## Work item
With the material below, print exactly the lines between the line holding "How to implement an ERP system step by step" and the line holding "Mo Salah Wallpaper", inclusive. Add nothing else.

## Information
______
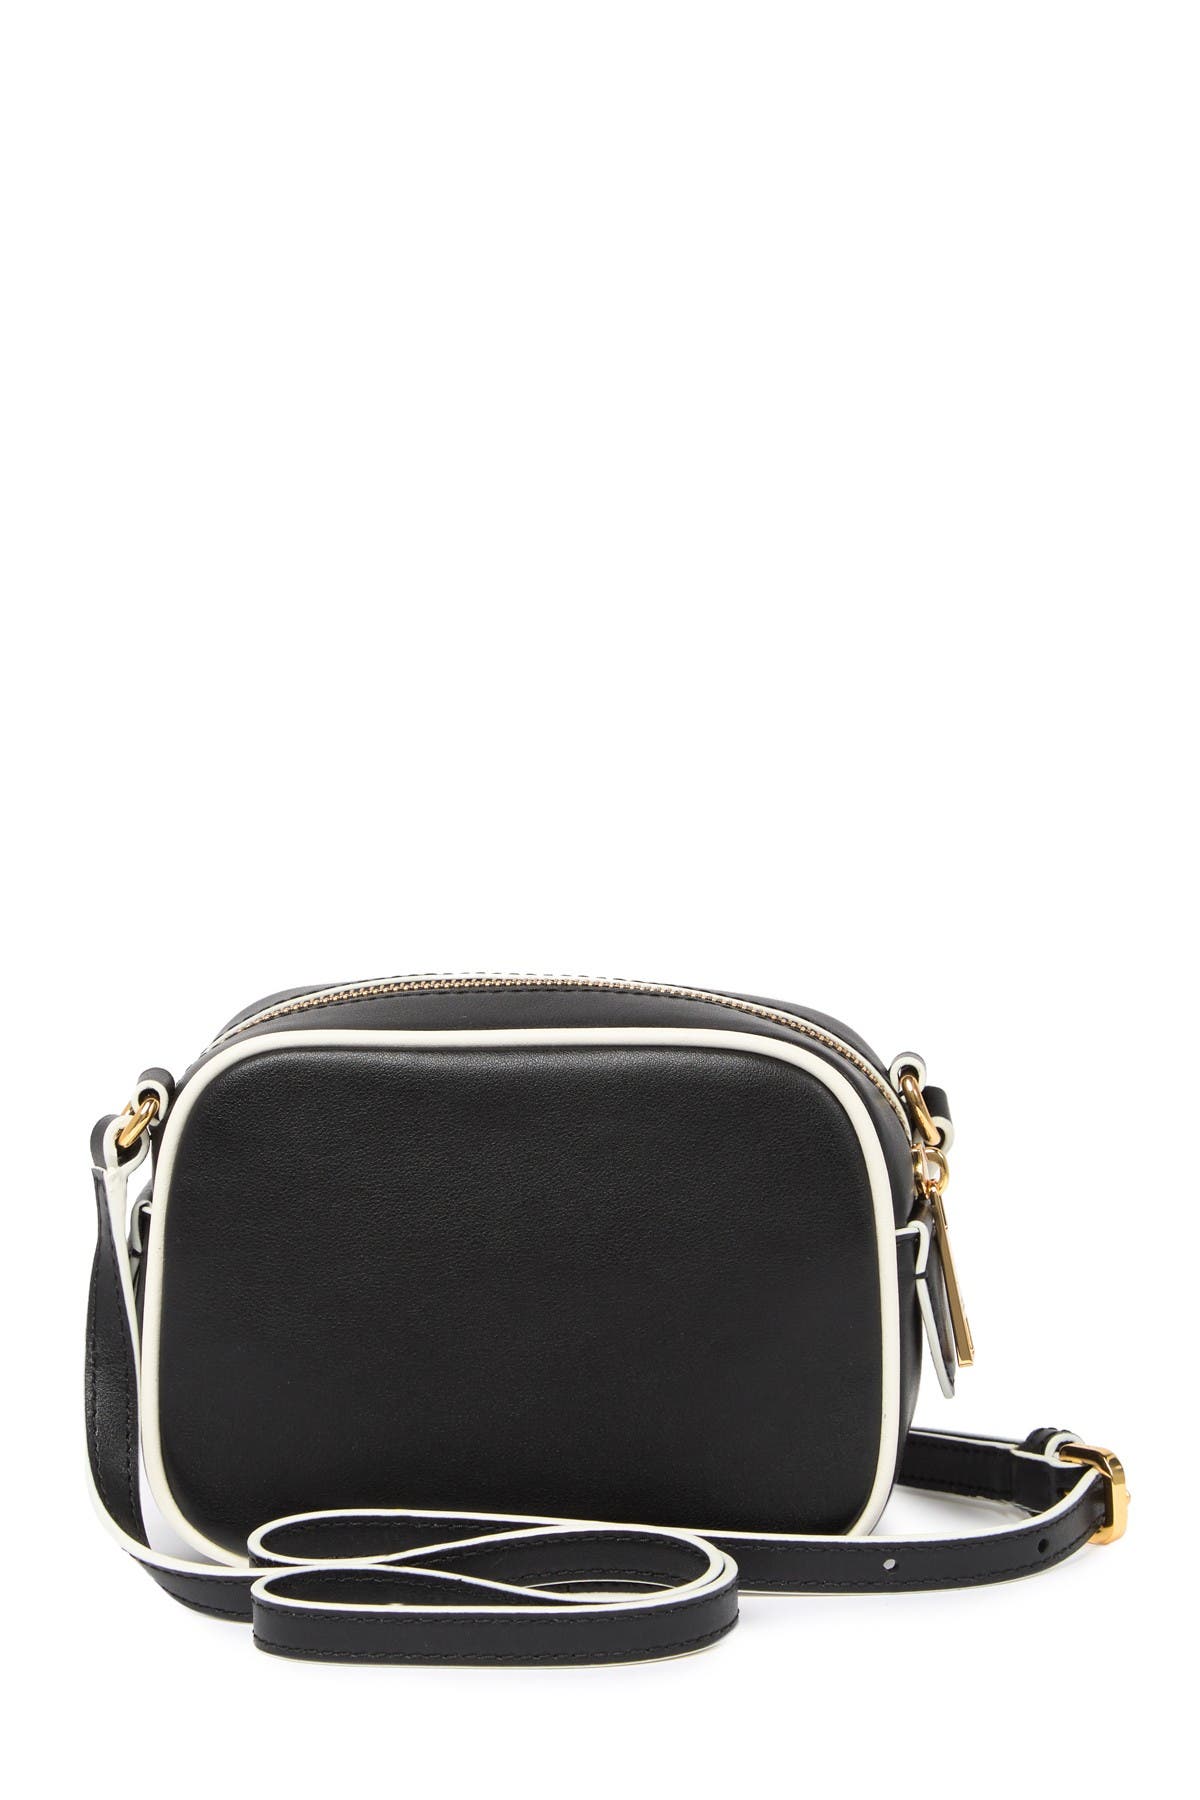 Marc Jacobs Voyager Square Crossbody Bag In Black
______
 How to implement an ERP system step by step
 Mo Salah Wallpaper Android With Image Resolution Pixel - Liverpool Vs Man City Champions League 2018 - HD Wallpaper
______
## Written solution
 How to implement an ERP system step by step
 Mo Salah Wallpaper Android With Image Resolution Pixel - Liverpool Vs Man City Champions League 2018 - HD Wallpaper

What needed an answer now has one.